Copy verbatim the span of lines beginning at the line that contains "3-Ply Disposable Children" and ending with the final line of the data. Exclude pictures from the copy.

INPUT DATA
▼▼▼

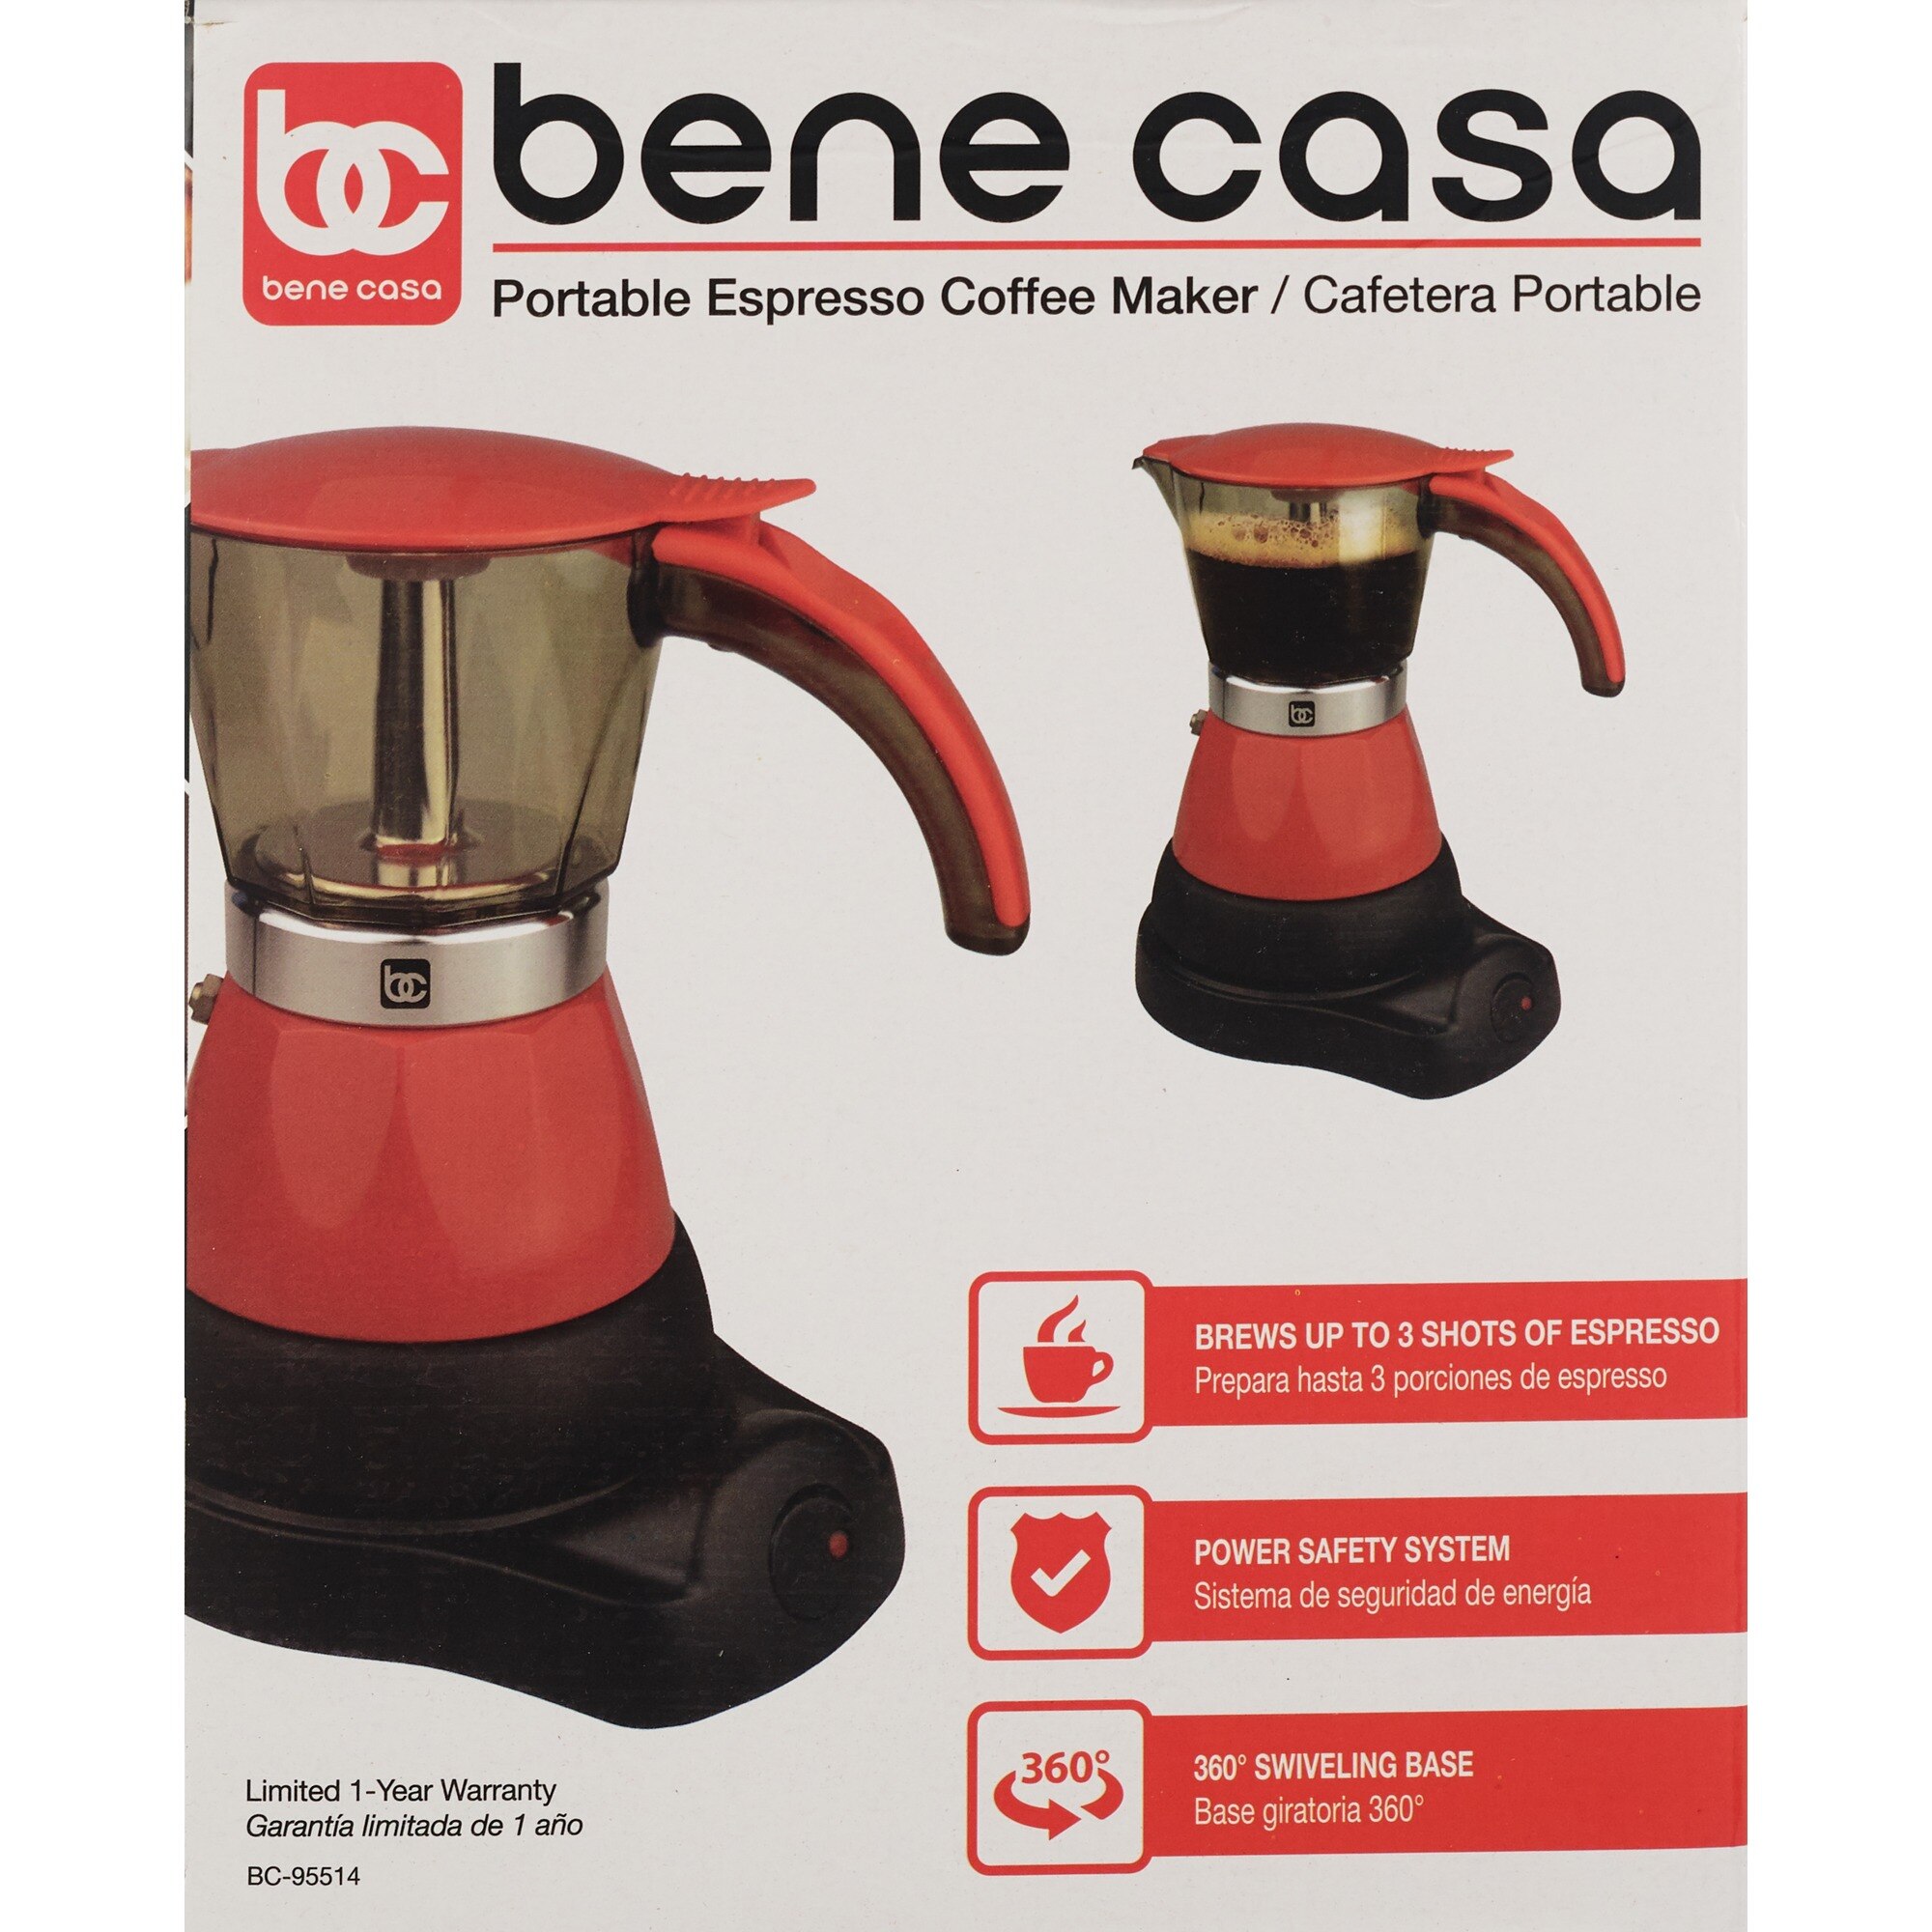 Reseñas de clientes: Bene Casa Electric Espresso Maker/Cafetera, Red, 3 CUP  - CVS Pharmacy
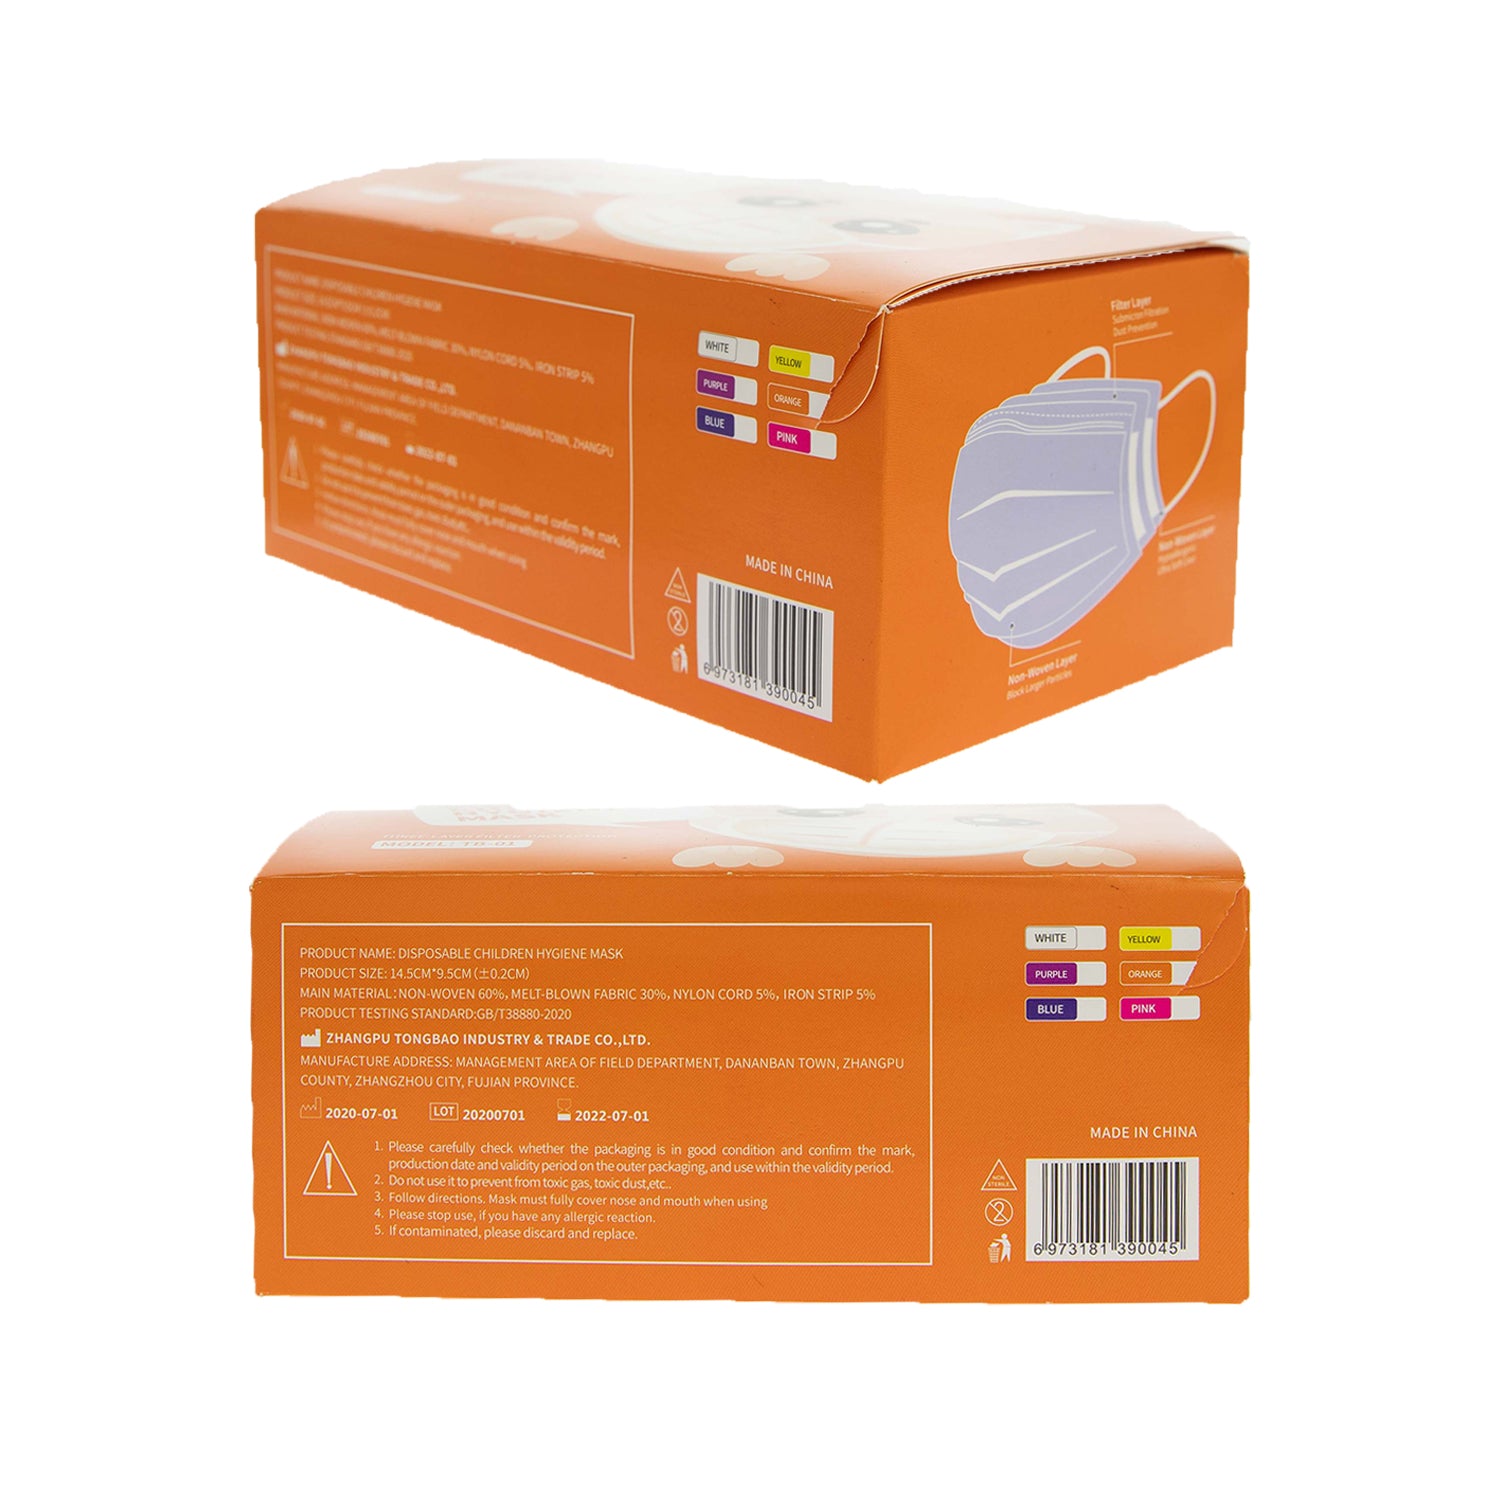 3-Ply Disposable Children Hygiene Mask, Kids Mask, 50 PCS - BOX-eSafety Supplies, Inc
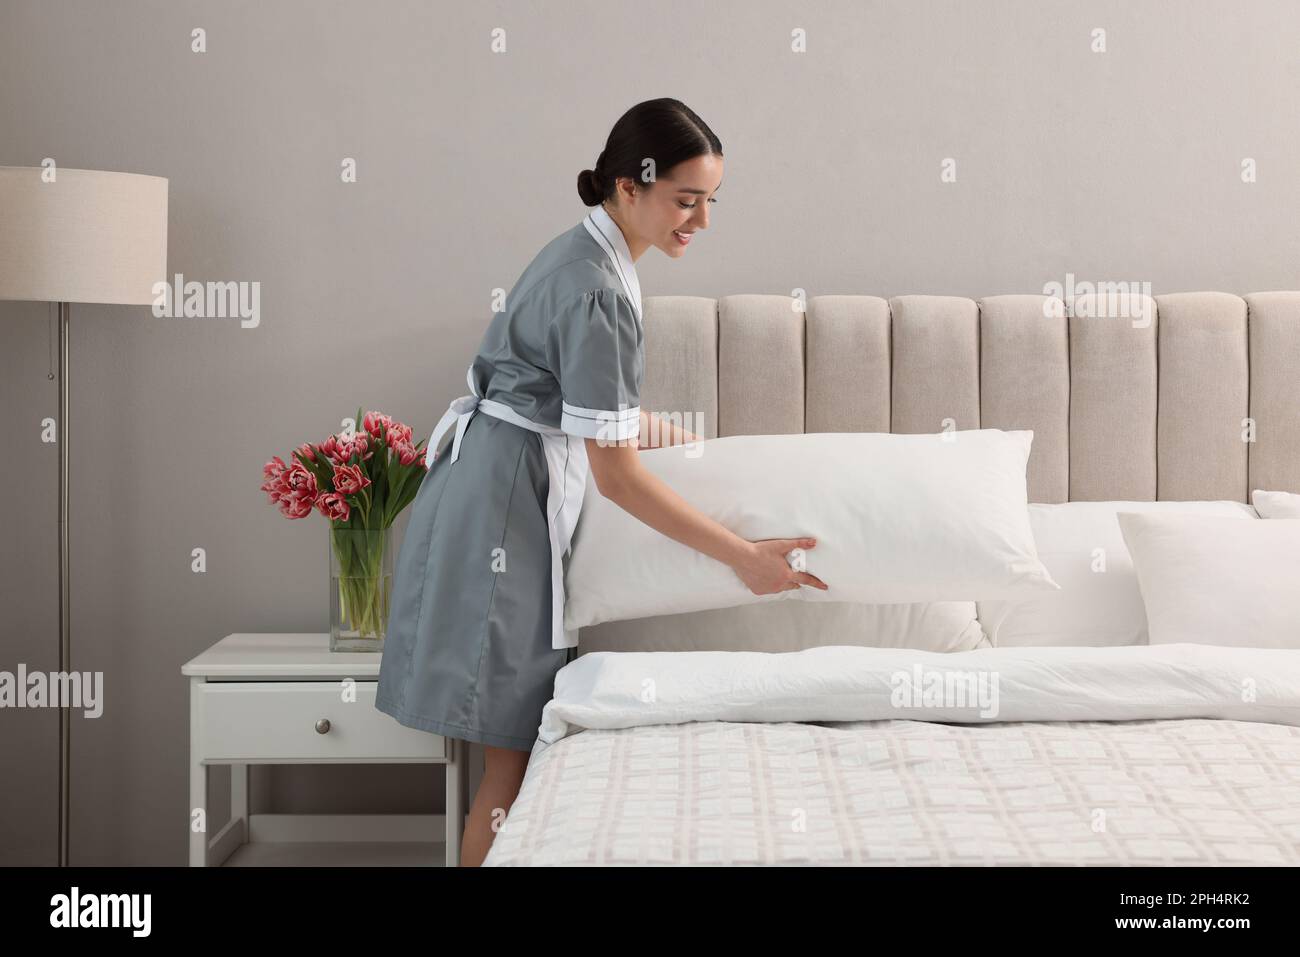 https://c8.alamy.com/comp/2PH4RK2/professional-chambermaid-making-bed-in-hotel-room-2PH4RK2.jpg

▲▲▲

ANSWER BELOW
 3-Ply Disposable Children Hygiene Mask, Kids Mask, 50 PCS - BOX-eSafety Supplies, Inc
 https://c8.alamy.com/comp/2PH4RK2/professional-chambermaid-making-bed-in-hotel-room-2PH4RK2.jpg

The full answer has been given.